The cornerstone of commercial agriculture
in western Canada was the quarter-section homestead.
The Dominion Lands Act (1872), and its later amendments,
set out the conditions under which the head of
a family or a single male, 21 years or older (later
18 years), would be eligible for a free quarter-section
grant. Until 1889, homesteaders could also
"pre-empt" - that is, purchase an adjacent
quarter-section homestead at a guaranteed low
price when they received title to their free grant.
In an effort to avoid private speculation (corporate
speculation by the Hudson's
Bay Company, the railways, and the government
itself was allowed to proceed unchecked), the
Dominion Lands Act required a potential farmer
to "improve" his homestead before the
Crown would award a Land Patent on the grant.
"Improvements" generally meant that
the applicant resided on the land for at least
a three-year period (and for at least six months
in each of those years), built a residence, and
broke (depending on the time period) from 15 to
50 acres of land and planted another 10 to 30
acres of crops.
Not all western lands were reserved for agriculture.

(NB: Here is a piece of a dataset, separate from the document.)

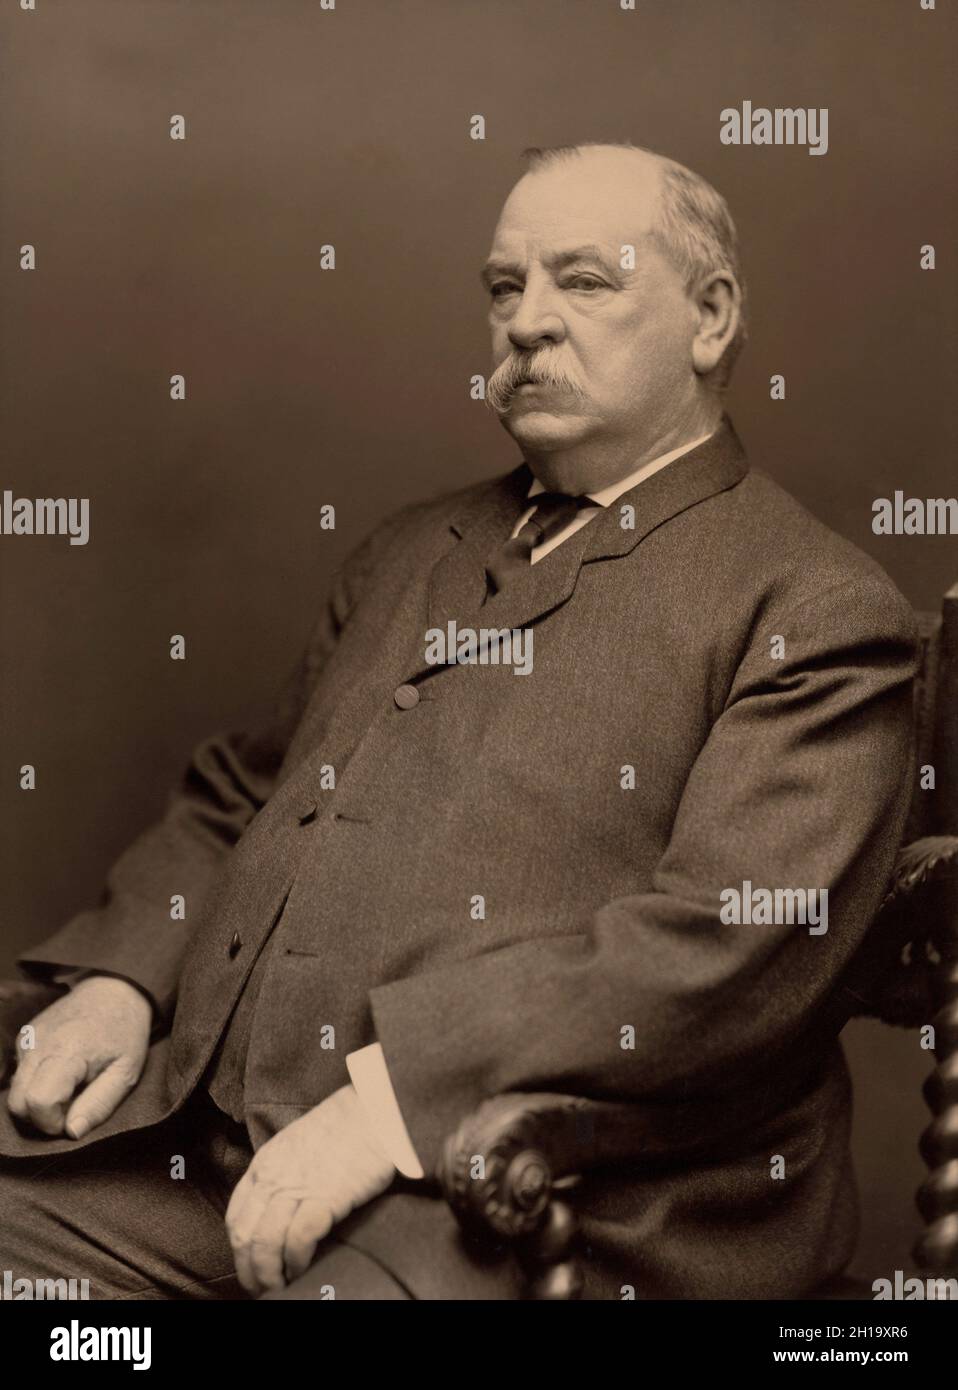 Grover Cleveland (1837-1908), 22nd and 24th U.S. President 1885-1889 and 1893-1897, Head and Shoulders Portrait, Pach Brothers Studio, 1907 Stock Photo

In 1881, an amendment to the Dominion Lands Act
allowed the federal government to lease large
blocks of land for ranching purposes. The leases
were generally awarded for a 21-year period at
an annual fee of one cent per acre. Some of the
lease holdings of western cattle barons were incredibly
large; Senator Matthew
Cochrane's ranch in southwestern Alberta,
for example, encompassed 367,000 acres (144,000
To induce new homesteaders from Europe, the federal
government introduced the concept of block settlement
by ethnic groups. This policy allowed entire communities
to leave their ancestral homes and move en masse
to the Prairie West where entire townships were
set aside for them. The federal government successfully
used this provision to attract Mennonites
from the Russian Ukraine, as well as Scandinavians,
Icelanders, Danes, Mormons, and Doukhobors.